Ask user for: S3 path, table name, on_success, on_failure
Ask which validation path: A (don't know data), B (know what to check), or C (will add checks later)
Path A or C: write script with minimal validation
Path B: gather check specifications, invoke bauplan-data-quality-checks skill, embed result in script
Run script: python <script_name>.py
Verify output shows row count > 0
If on_success="inspect": confirm branch ready for review
If on_success="merge": confirm merge to main succeeded

Example Output

Successful run (on_success="inspect"):

Imported 15234 rows
Import complete. Branch ready for inspection: 'alice.import_orders_1704067200'.
To merge manually: bauplan checkout main && bauplan branch merge alice.import_orders_1704067200

Successful run (on_success="merge"):

Imported 15234 rows
Successfully published orders to main
Cleaned up branch: alice.import_orders_1704067200

Failed run (on_failure="inspect"):

Import failed: No data was imported
Branch preserved for inspection/debugging: 'alice.import_orders_1704067200'

Strengthening Validation Later

If the user chose Path A or C and wants to add checks to an existing script:

Invoke the bauplan-data-quality-checks skill with context: ingestion.
The user provides either:
- Their own check specifications (they now know the data)
- A path to models.py (they built the pipeline and want checks derived from it)
The bauplan-data-quality-checks skill reads the existing script, finds the validate phase, and replaces the minimal check with proper validation logic.

Checks added after an import do not gate any previous run.
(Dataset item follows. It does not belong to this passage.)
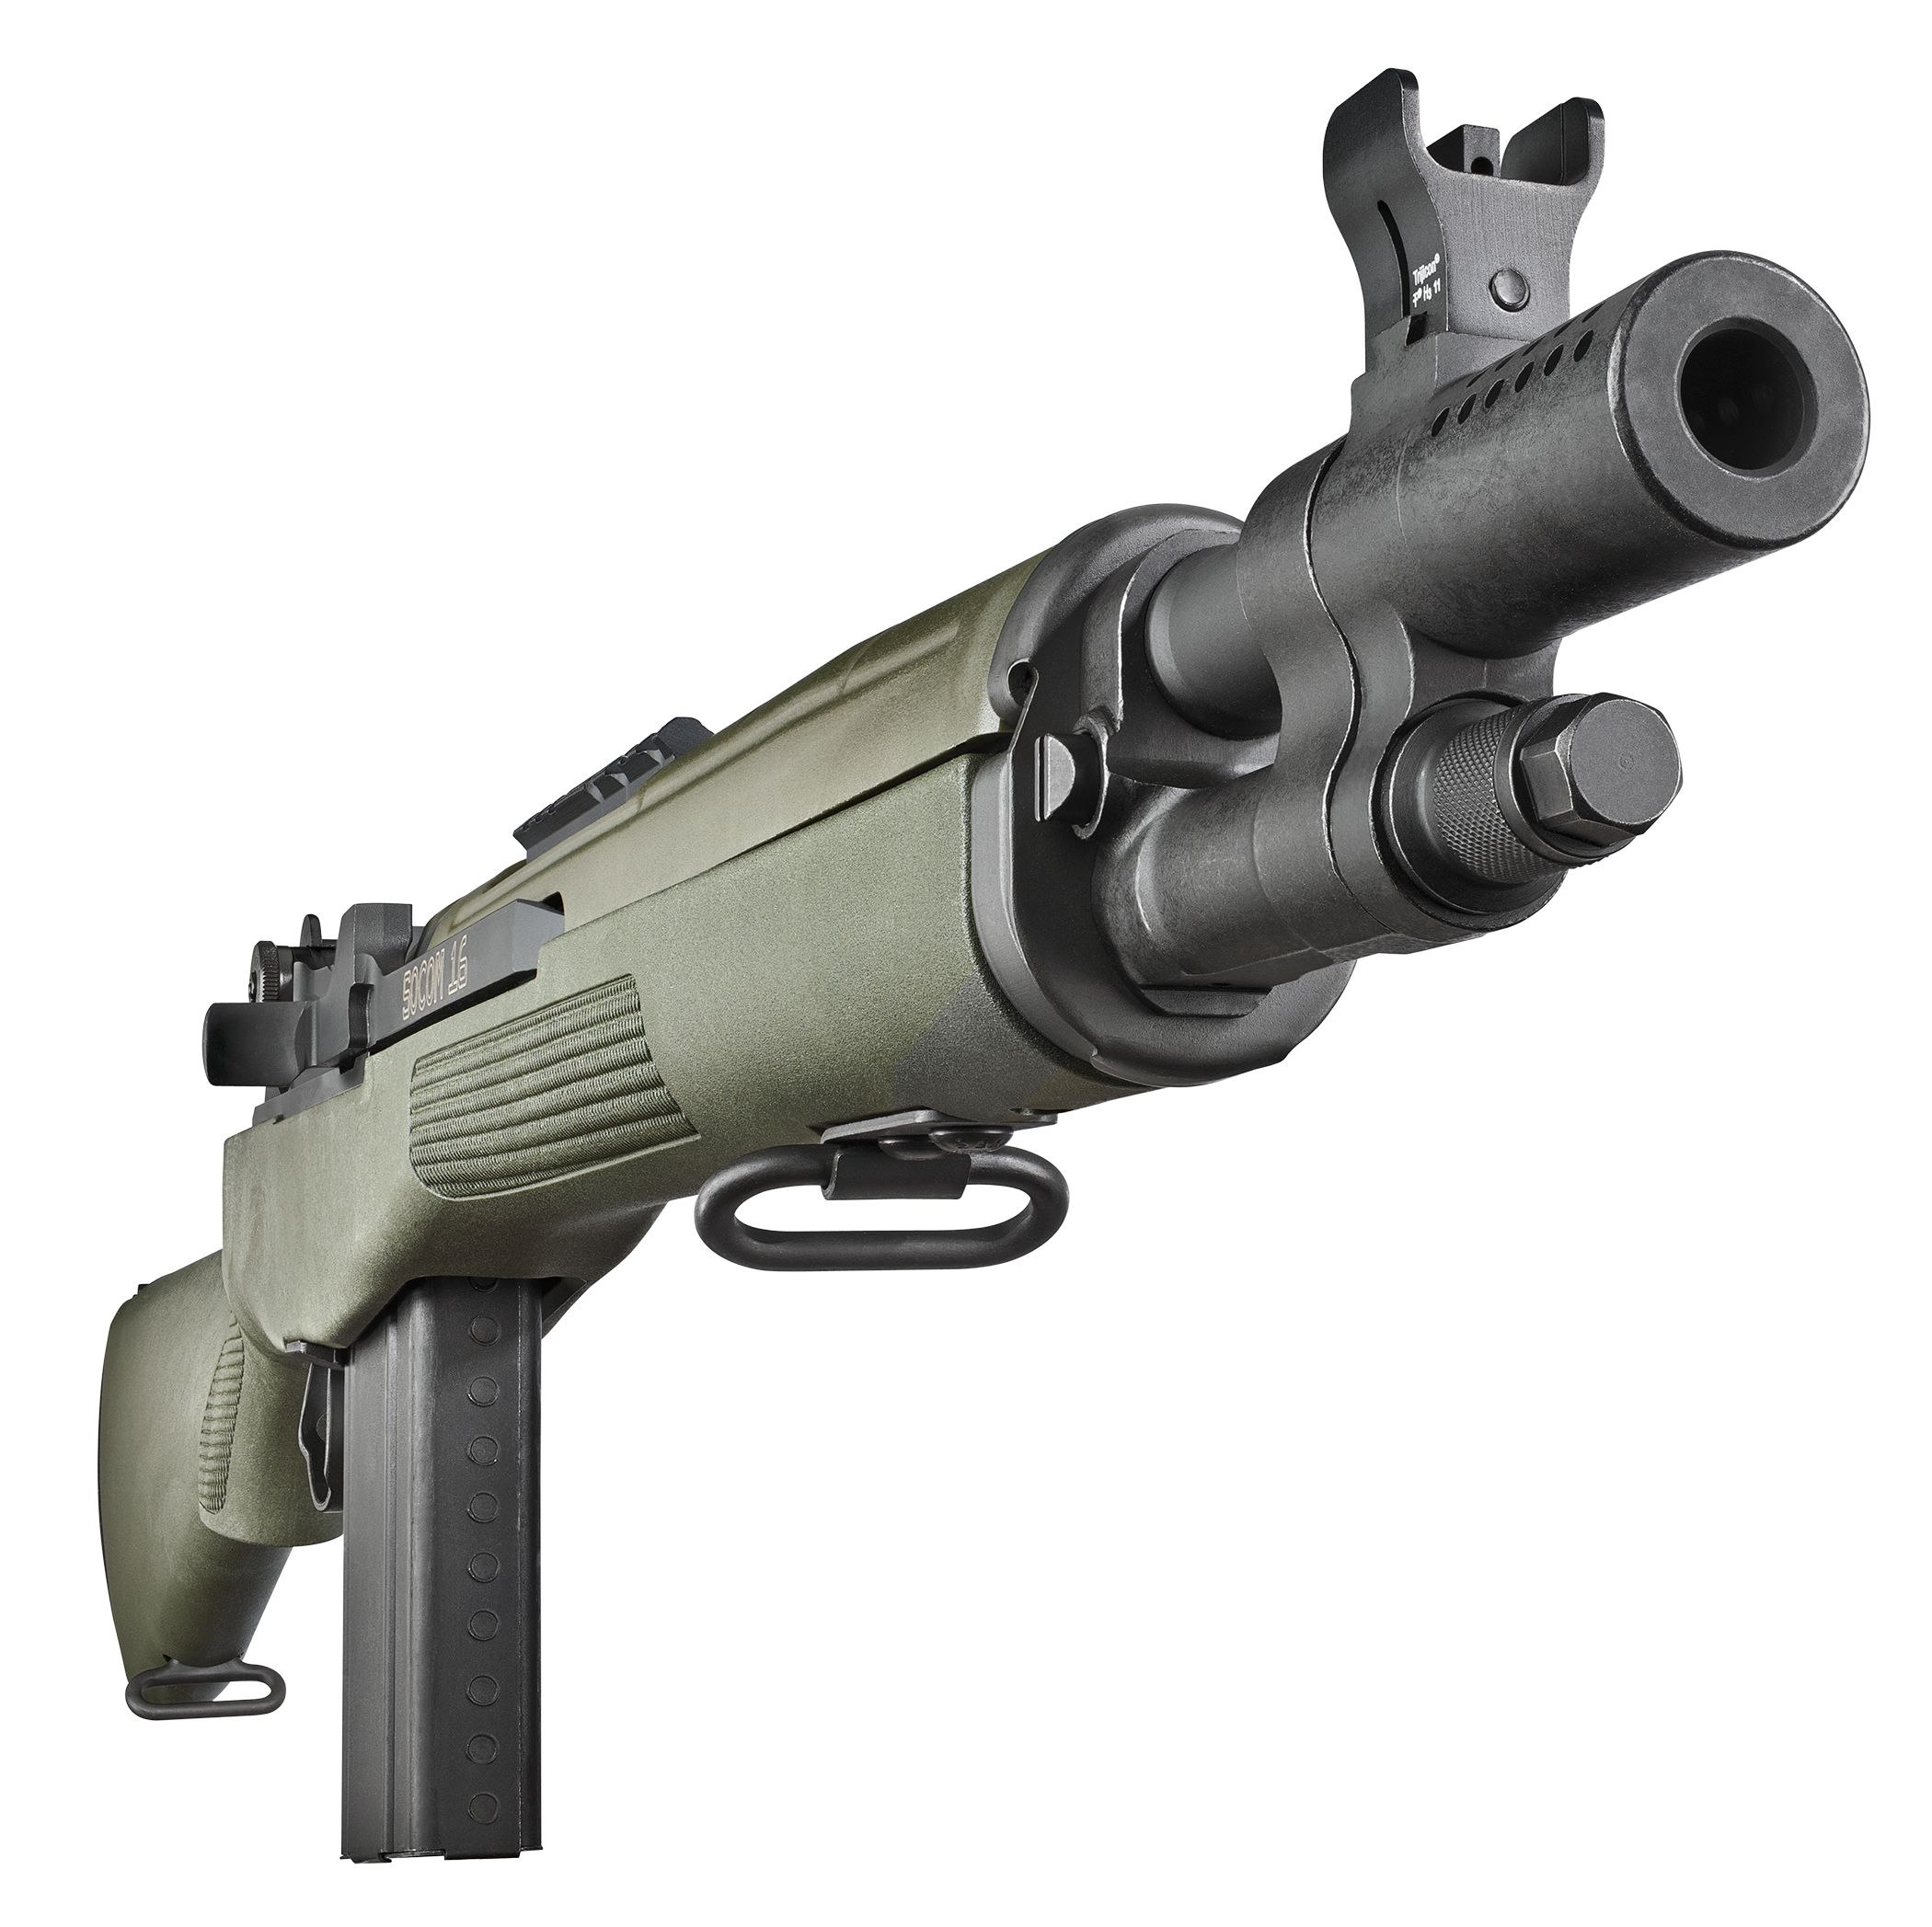 Pin on Centerfire Rifles

If the data is already on main, it's there without quality validation.

Appending to Existing Tables

To append data to a table that already exists on main, skip create_table and only call import_data:

# Table already exists on main — just import new data
client.import_data(
    table=table_name,
    search_uri=s3_path,
    namespace=namespace,
    branch=branch_name,
)

The validate and merge phases remain the same. New rows are sandboxed on the branch until merged.
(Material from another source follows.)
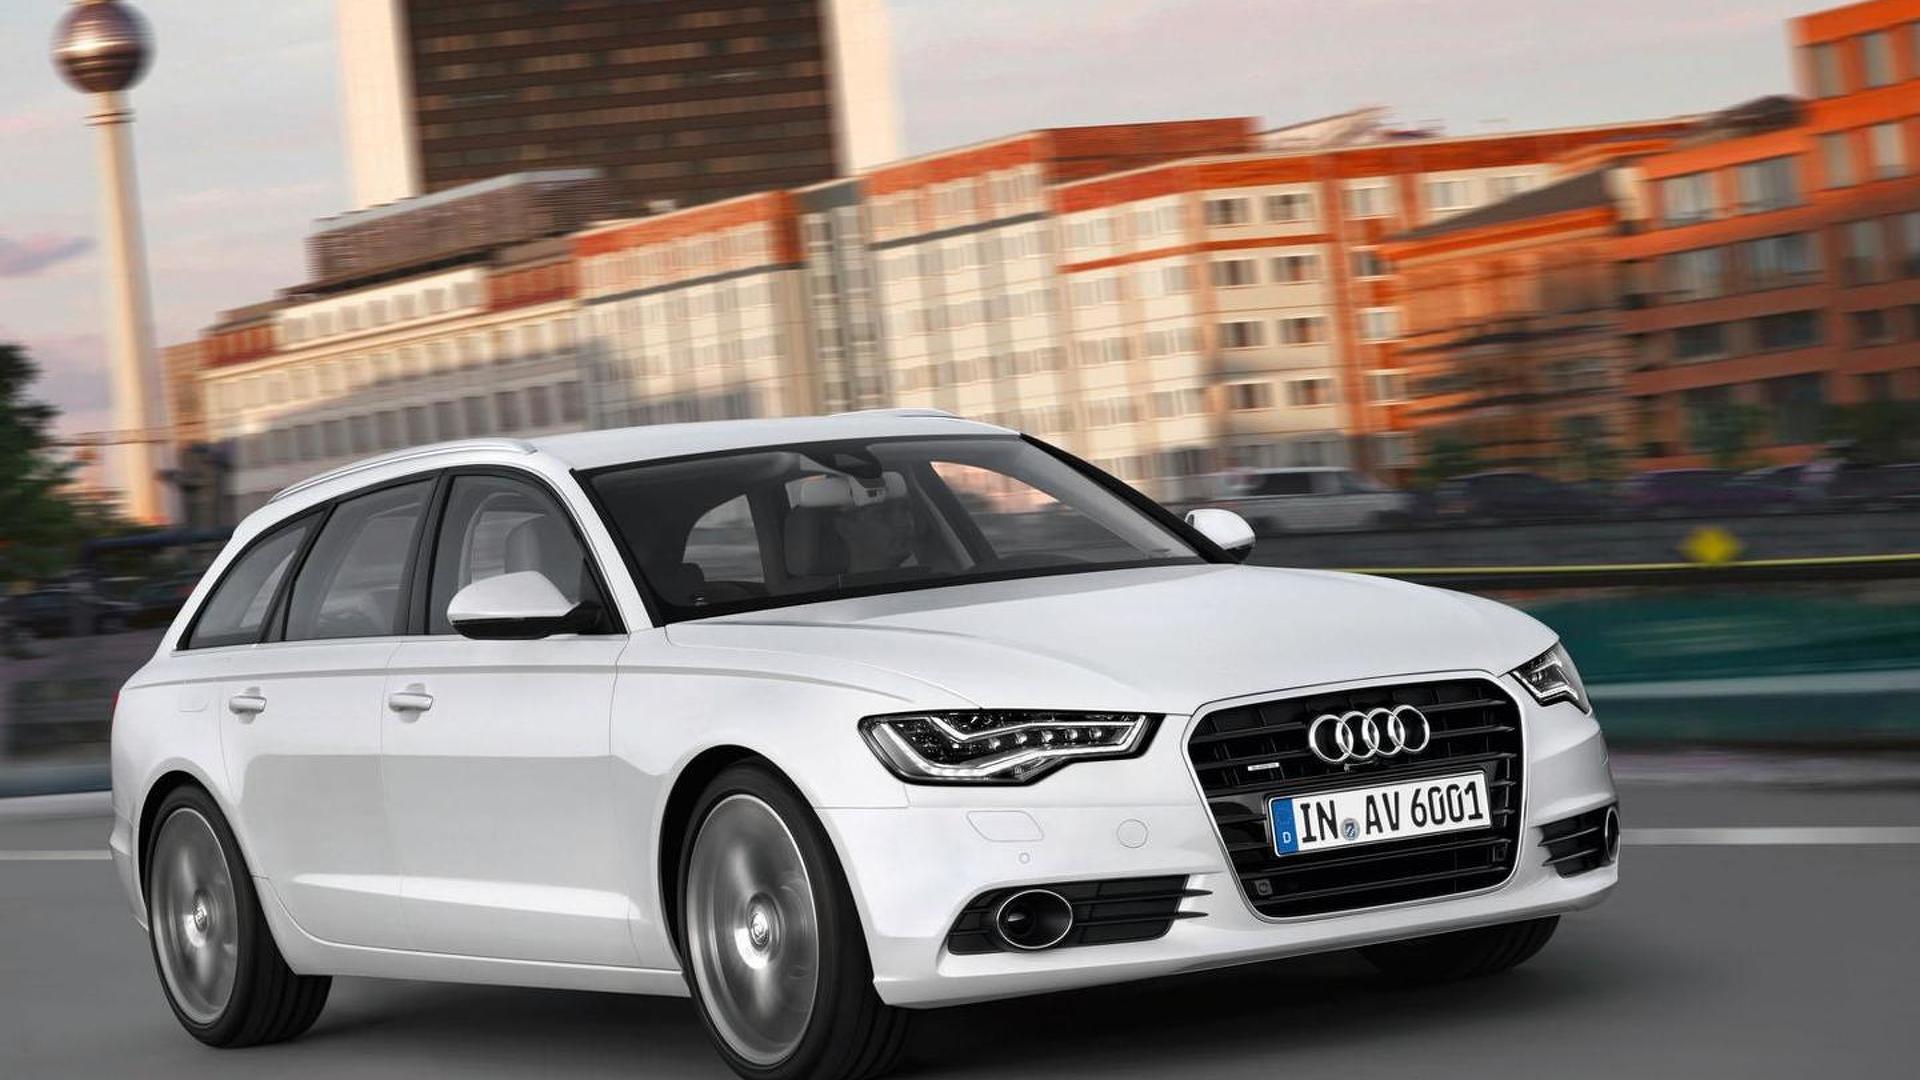 U.S. won't get 2012 Audi A6 Avant

CLI Merge After Inspection

When on_success="inspect" (default), the branch is left open for review. To merge after inspecting:

bauplan checkout main
bauplan branch merge <branch_name>
bauplan branch rm <branch_name>  # optional cleanup

The branch name is printed by the script upon completion.

Reference

When unsure about a method signature, CLI flag, or concept, fetch the relevant doc page via WebFetch rather than guessing. Pages are markdown and LLM-friendly.

Python SDK: https://docs.bauplanlabs.com/reference/bauplan.md

Relevant guides and concept pages:

Import data: https://docs.bauplanlabs.com/tutorial/03-import.md
Schema conflicts: https://docs.bauplanlabs.com/concepts/schema-conflicts.md
Handle casting programmatically: https://docs.bauplanlabs.com/concepts/schema-conflicts.md
Data branches: https://docs.bauplanlabs.com/concepts/git-for-data/data-branches.md
Tables: https://docs.bauplanlabs.com/concepts/tables.md
Namespaces: https://docs.bauplanlabs.com/concepts/namespaces.md

Full doc index: https://docs.bauplanlabs.com/llms.txt

CLI: The bauplan CLI is self-documenting:

bauplan --help — lists all available commands
bauplan <command> --help — shows arguments and options for a specific command (e.g., bauplan branch --help, bauplan import-data --help)

Validating generated Python: After writing or updating the ingestion script, run ruff check and ruff format to catch syntax errors and style issues, and ty to catch type errors — these verify the code compiles and the SDK calls are well-formed without executing it. Only run these if they are installed (check with which ruff / which ty).